To see how this package may help you, let’s first consider a simple example, that is, to compute the sum of squared difference between two vectors. This can be easily done in Julia in one line as follows

r = sum(abs2(x - y))

Whereas this is simple, this expression involves some unnecessary operations that would lead to suboptimal performance: (1) it creates two temporary arrays respectively to store x - y and abs(x - y), (2) it completes the computation through three passes over the data – computing x - y, computing abs2(x - y), and finally computing the sum. Julia provides a mapreduce function which allows you to complete the operation in a single pass without creating any temporaries:

r = mapreduce((x, y) -> abs2(x - y), +, x, y)

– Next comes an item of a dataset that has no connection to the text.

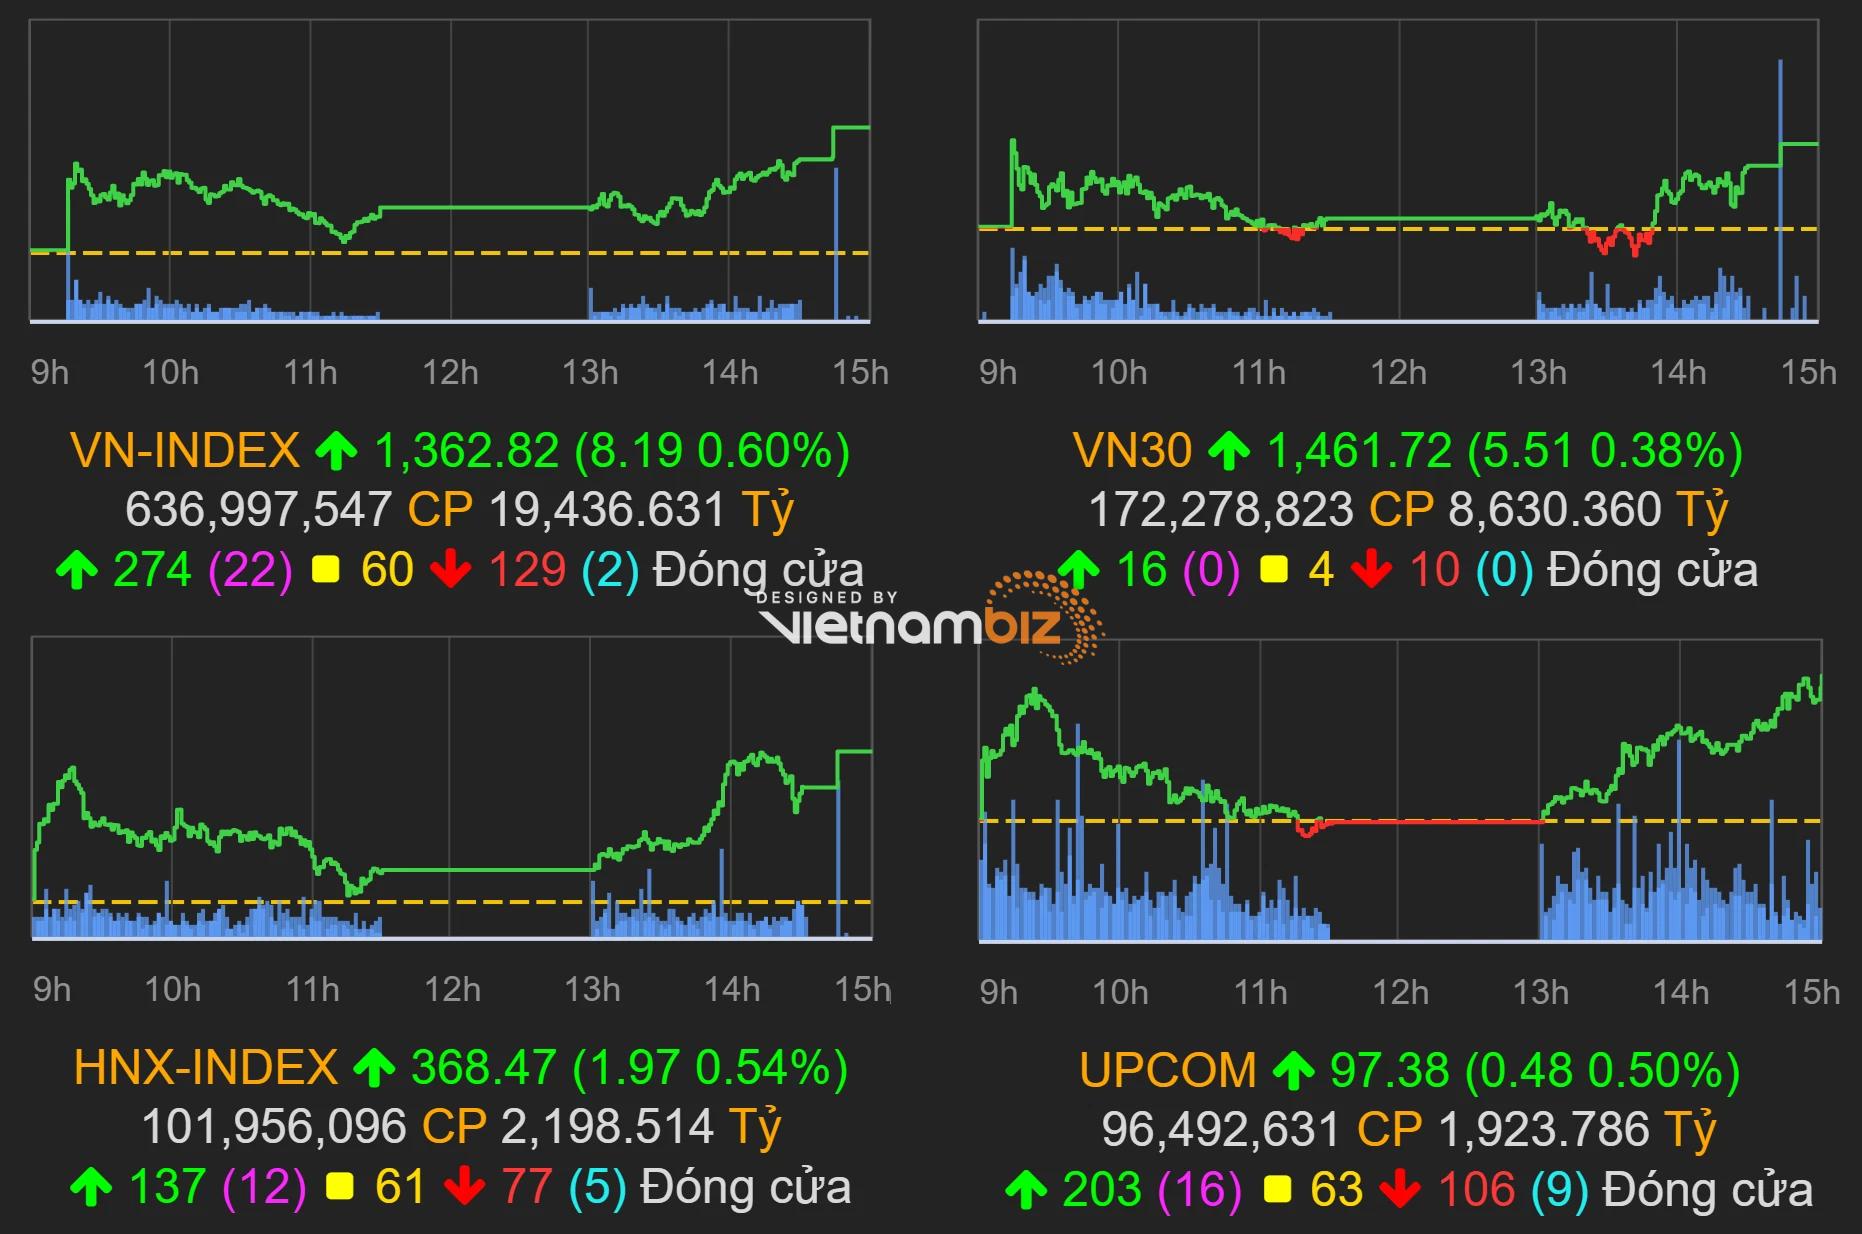 Thị trường chứng khoán (6/10): Nhóm vốn hóa lớn bứt phá mạnh mẽ, VN-Index thành công vượt 1.360 điểm - Ảnh 1.

However, if you really run this you may probably find that this is even slower. The culprit here is that the anonymous function (x, y) -> abs2(x - y) is not inlined; it will be resolved and called at each iteration. Therefore, to compute this efficiently, one has to write loops as below

s = 0.
for i = 1 : length(x)
    s += abs2(x[i] - y[i])
end

This is not too bad though, until you have more complex needs, e.g. computing this along each row/column of the matrix. Then writing the loops can become more involved, and it is more tricky to implement it in a cache-friendly way.

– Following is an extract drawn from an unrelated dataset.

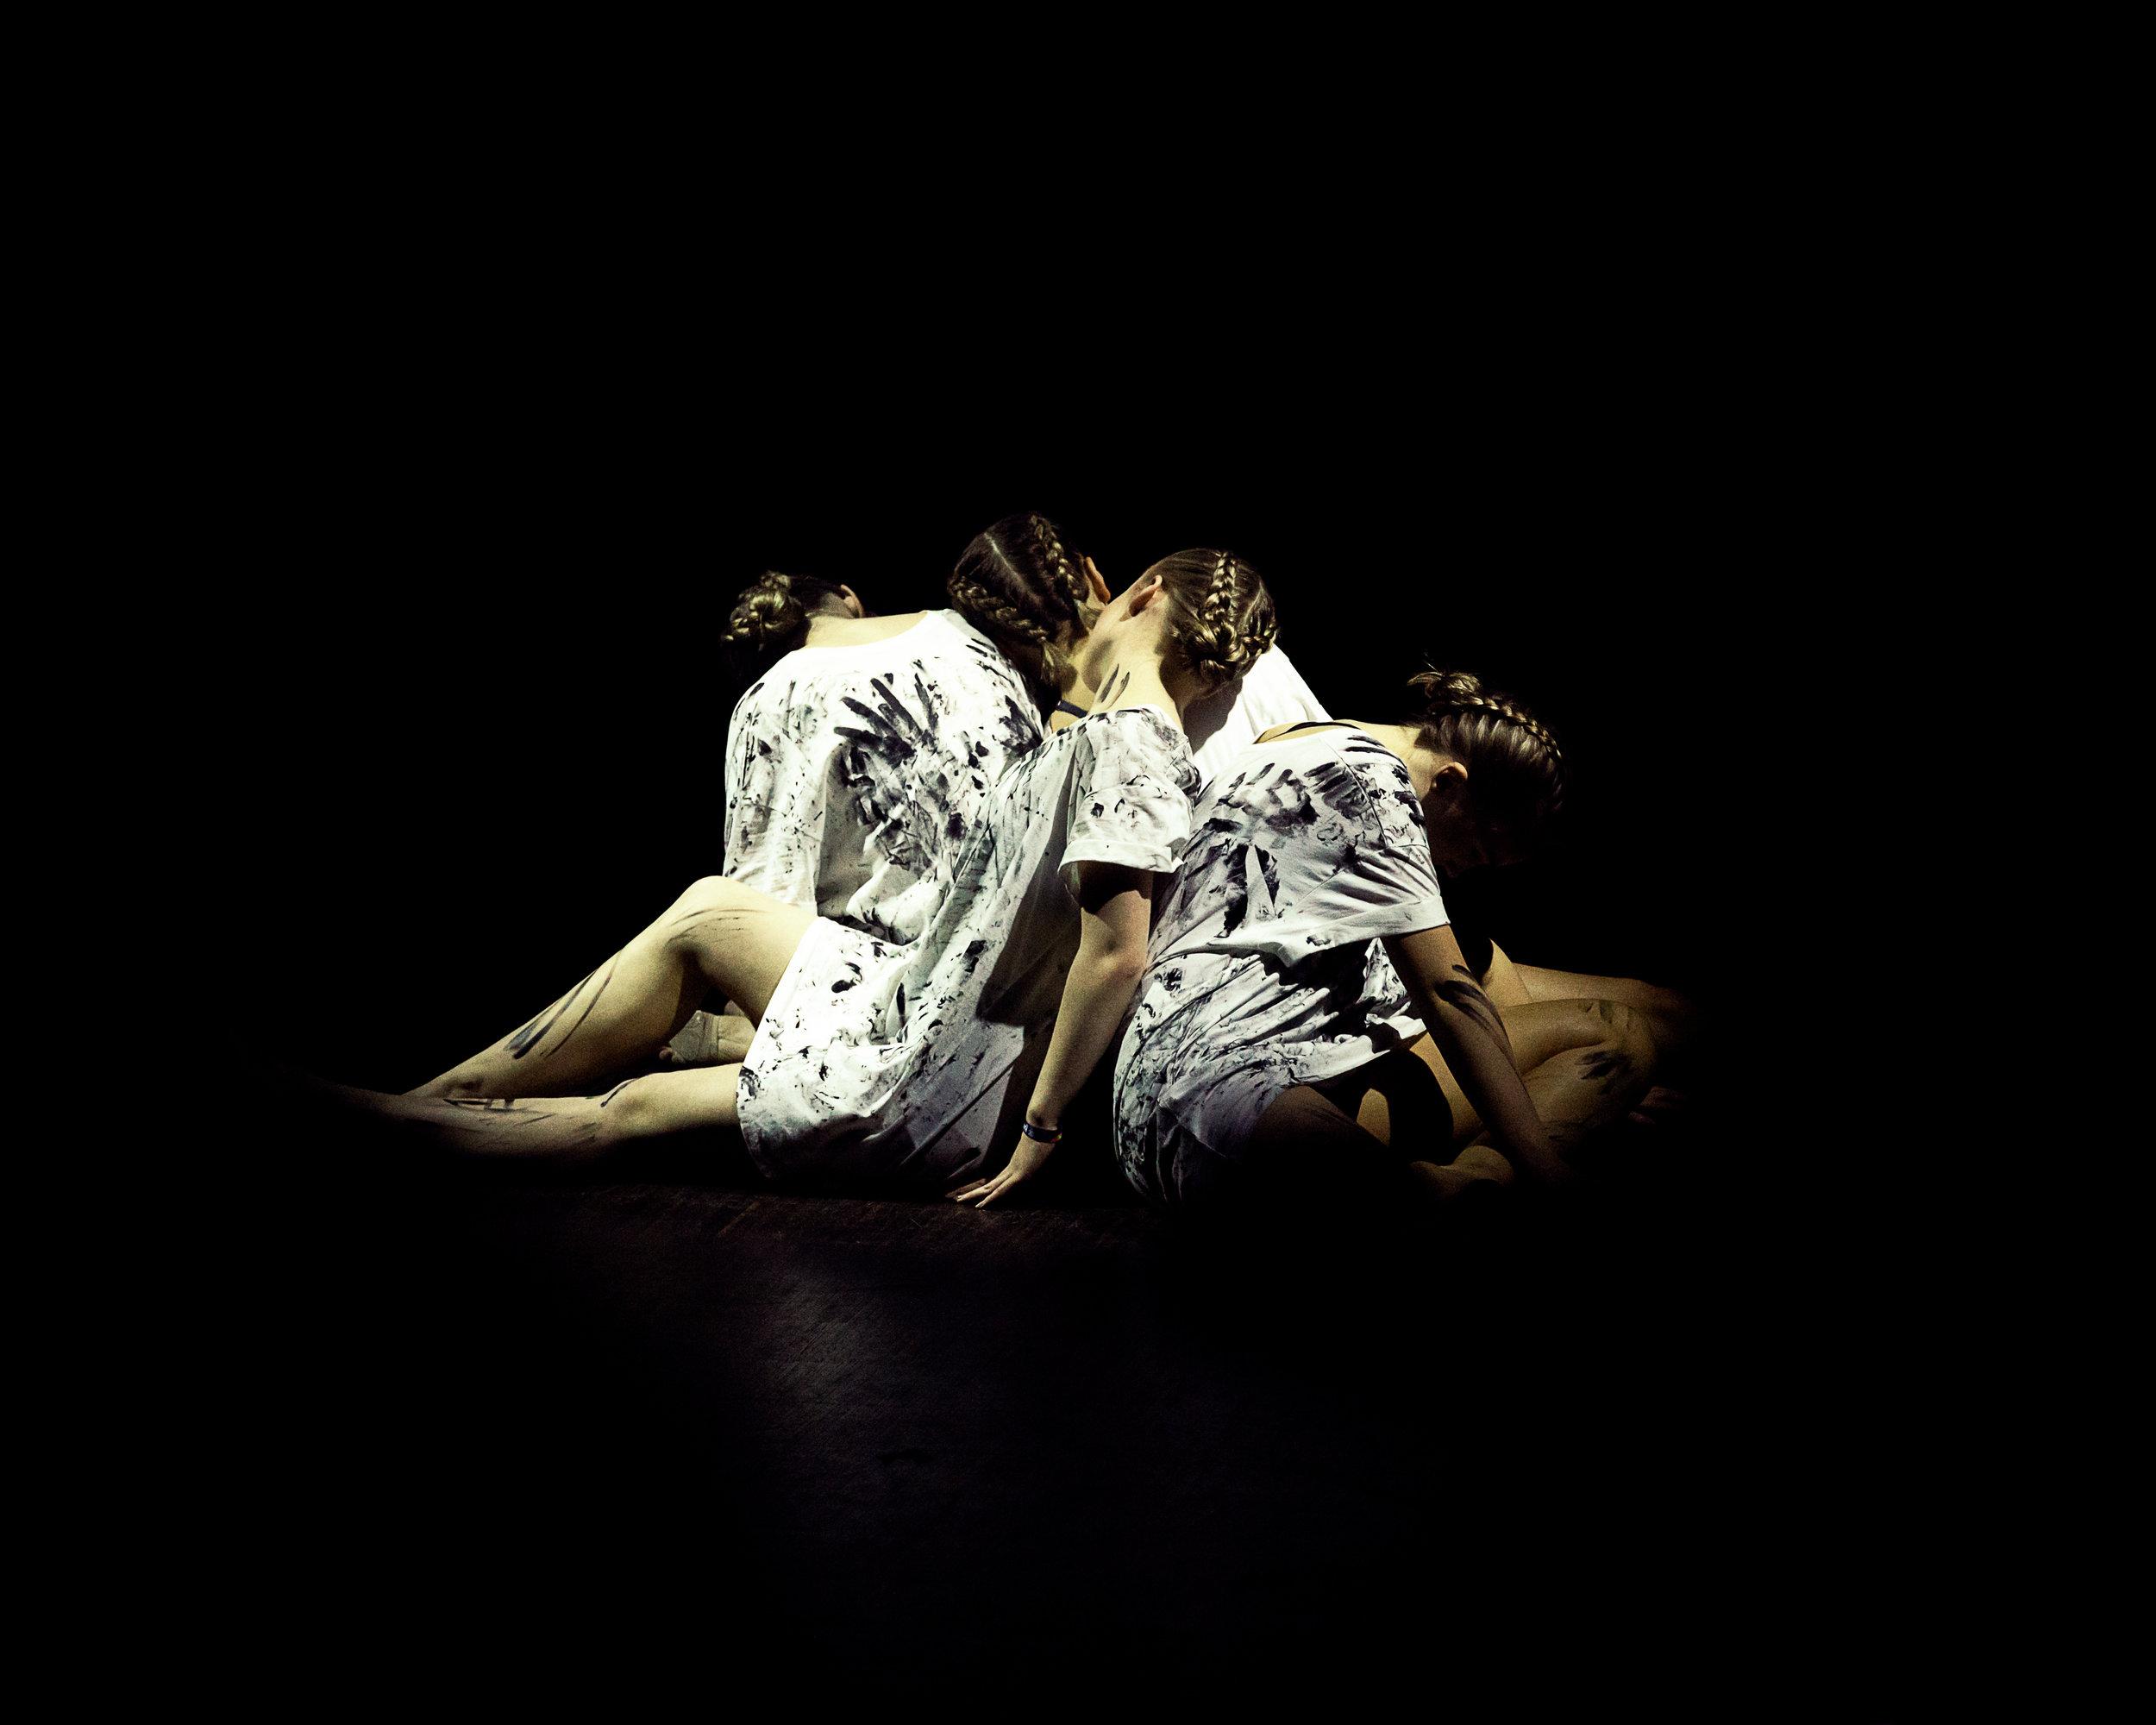 Dansere som sitter på scenegulvet. hvite skjorter med et lys over dem. mørkt men lyst i midten. portrett av dansere. event og scene på en festival fotografi.

With this package, we can compute this efficiently without writing loops, as

r = sumfdiff(Abs2Fun(), x, y)

# to compute this along a specific dimension
r = sumfdiff(Abs2Fun(), x, y, dim)

# this package also provides sumsqdiff for this
r = sumabsdiff(x, y)
r = sumabsdiff(x, y, dim)

Here, Abs2Fun and Add are typed functors provided by this package, which, unlike normal functions, can still be properly inlined when passed into a higher order function (thus causing zero overhead). This package extends map, foldl, foldr, sum, and so on to accept typed functors and as well introduces additional higher order functions like sumfdiff and scan etc to simplify the usage in common cases.

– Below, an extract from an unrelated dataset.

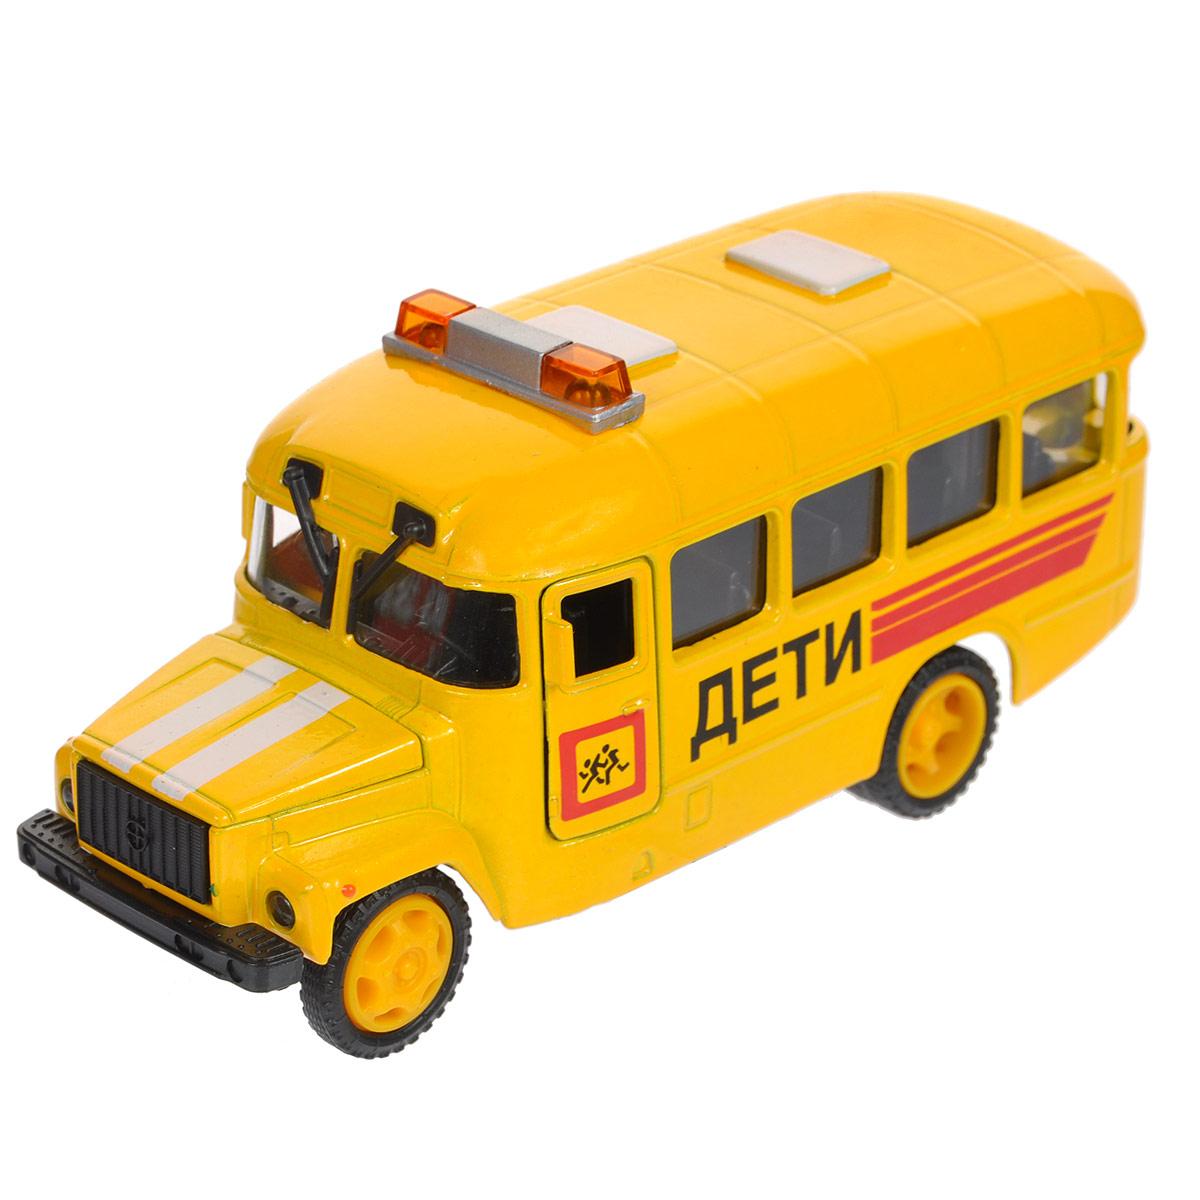 ТехноПарк Машинка инерционная КАвЗ ДетиCT10-069-5Машинка ТехноПарк КАвЗ Дети, выполненная из пластика и металла, станет любимой игрушкой вашего малыша. Игрушка представляет собой машину КАвЗ Дети, оснащенную открывающимися дверьми и капотом. При нажатии на заднюю часть игрушки фары и мигалка на крыше начинают светиться под звуки, характерные ситуации. Игрушка оснащена инерционным ходом. Машинку необходимо отвести назад, слегка надавив на крышу, затем отпустить - и она быстро поедет вперед. Прорезиненные колеса обеспечивают надежное сцепление с любой поверхностью пола. Ваш ребенок будет часами играть с этой машинкой, придумывая различные истории. Порадуйте его таким замечательным подарком! Машинка работает от батареек (товар комплектуется демонстрационными).

Benchmark shows that writing in this way is over 9x faster than sum(abs2(x - y)).

Main features

Main features of this package are highlighted below:

  • Pre-defined functors that cover most typical mathematical computation;
  • A easy way for user to define customized functors;
  • Extended/specialized methods for map, map!, foldl, foldr, and scan. These methods are carefully optimized, which often result in 2x - 10x speed up;
  • Additional functions such as map1!, sum!, and scan! that allow inplace updating or writing results to preallocated arrays;
  • Vector broadcasting computation (supporting both inplace updating and writing results to new arrays).
  • Fast shared-memory views of arrays.

Many of the methods are extensions of base functions. Simply adding a statement using NumericExtensions is often enough for substantial performance improvement. Consider the following code snippet:

using NumericExtensions

x = rand(1000, 1000)
r = sum(x, 2)

Here, when adding the statement using NumericExtensions transparently replace the method provided in the Base module by the specialized method in NumericExtensions. As a consequence, the statement r = sum(x, 2) becomes 6x faster. Using additional functions provided by this package can further improve the performance.

Functors

Passing functions as arguments are essential in writing generic algorithms. However, function arguments do not get inlined in Julia (at current version), usually resulting in suboptimal performance.

Motivating example

Passing functions as arguments are essential in writing generic algorithms. However, function arguments do not get inlined in Julia (at current version), usually resulting in suboptimal performance. Consider the following example:

plus(x, y) = x + y
map_plus(x, y) = map(plus, x, y)

a = rand(1000, 1000)
b = rand(1000, 1000)

 # warming up and get map_plus compiled
a + b
map_plus(a, b)

 # benchmark
@time for i in 1 : 10 map_plus(a, b) end  # -- statement (1)
@time for i in 1 : 10 a + b end           # -- statement (2)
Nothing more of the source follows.